• Data block:

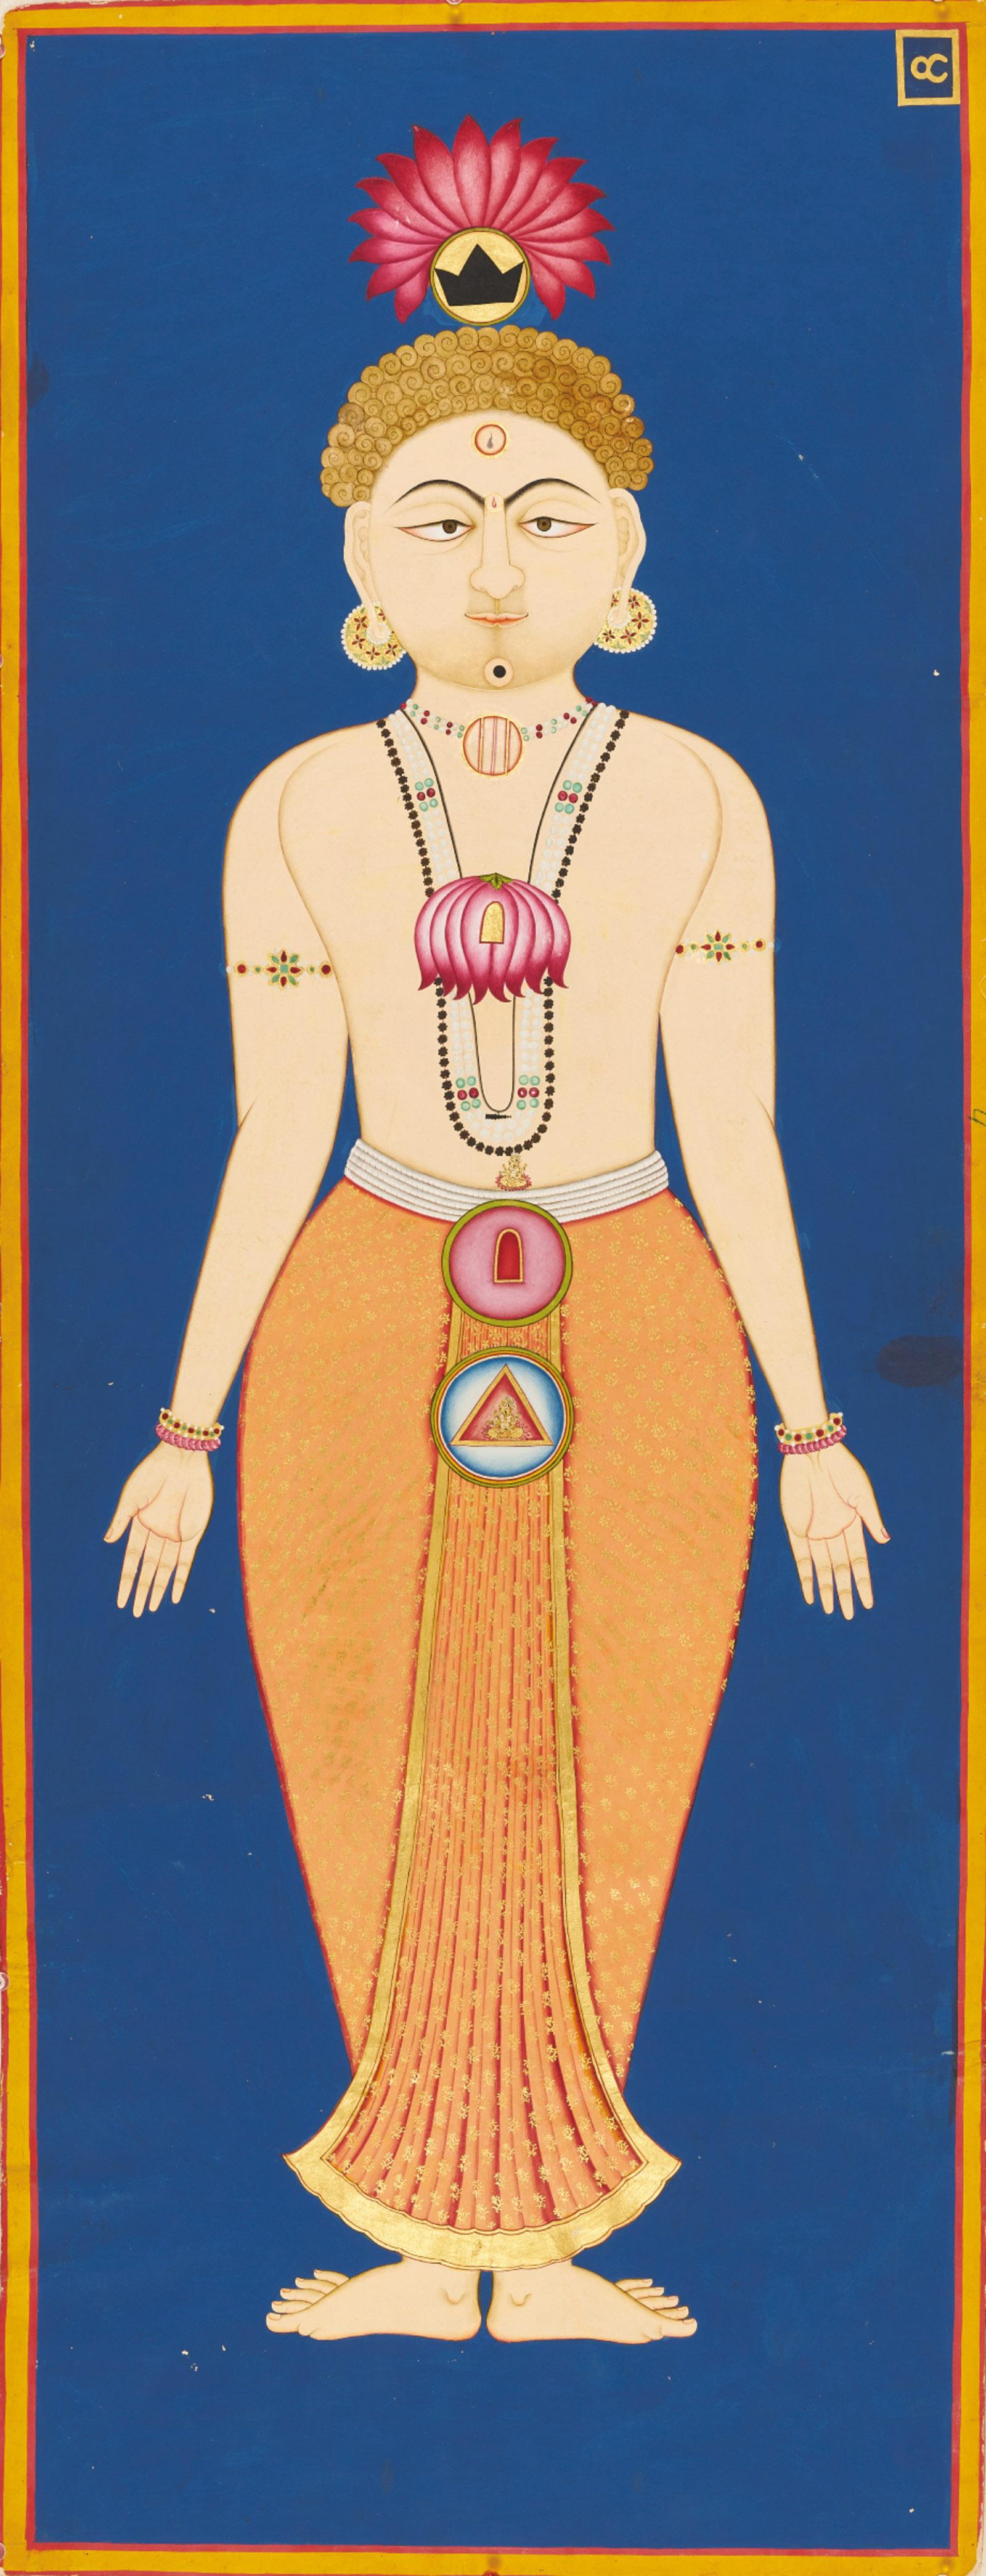 Chakras of the Subtle Body from the Siddha Siddhant Paddhati
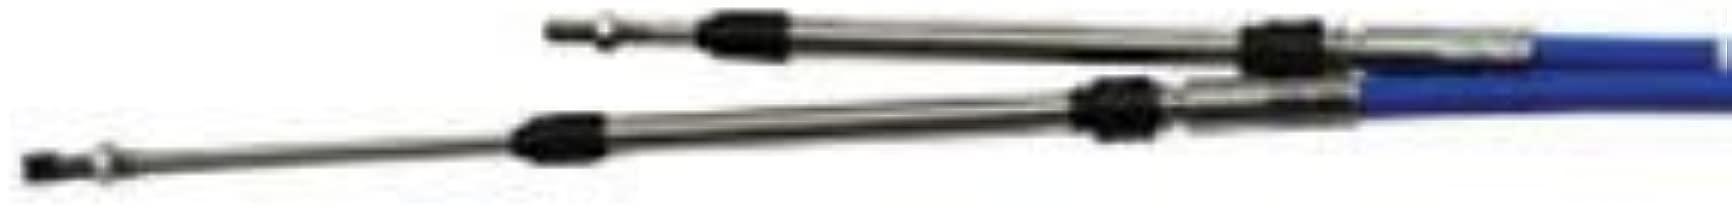 Kawasaki Steering Cable 750 SX/Sxi/Sxi Pro 59406-3726 1992 1993 1994 1995 1996 1997 1998 1999 2000 2001 2002
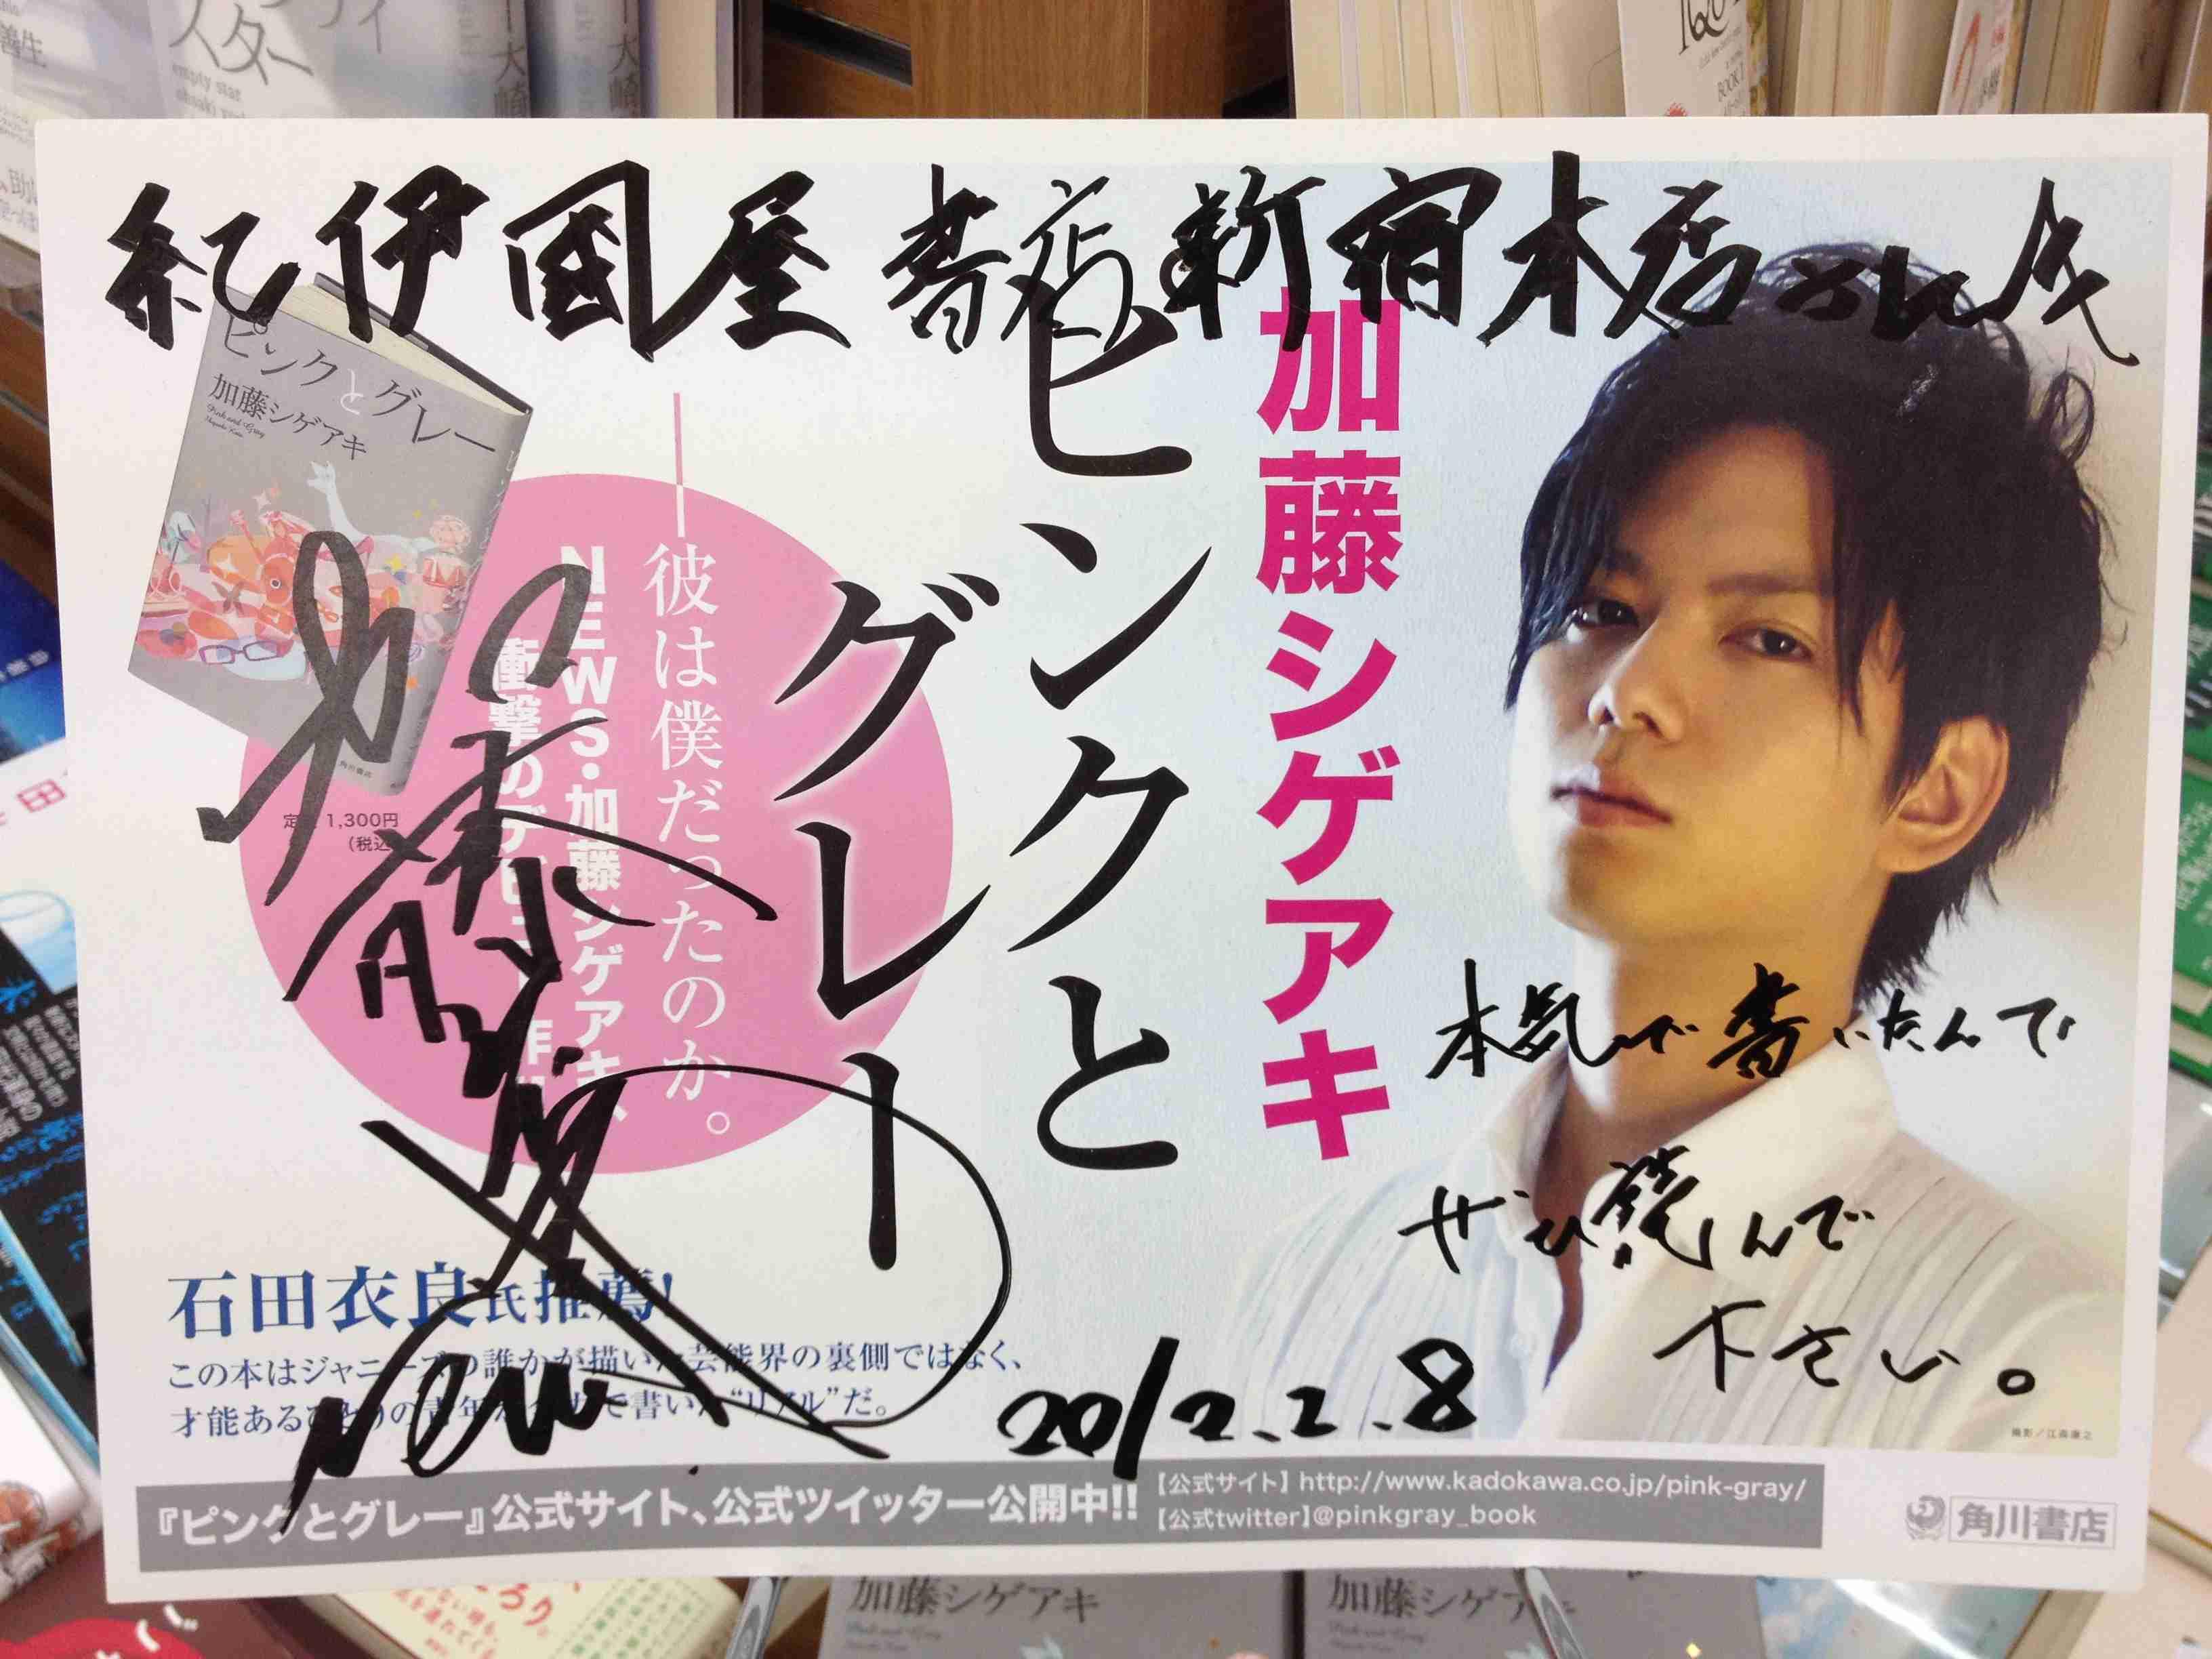 NEWS加藤シゲアキ 小説3作目「Burn.−バーン−」発表、自分を投影

• What is required: Print each line of the listing exactly and include no pictures.

• Task output:
 Chakras of the Subtle Body from the Siddha Siddhant Paddhati
 Kawasaki Steering Cable 750 SX/Sxi/Sxi Pro 59406-3726 1992 1993 1994 1995 1996 1997 1998 1999 2000 2001 2002
 NEWS加藤シゲアキ 小説3作目「Burn.−バーン−」発表、自分を投影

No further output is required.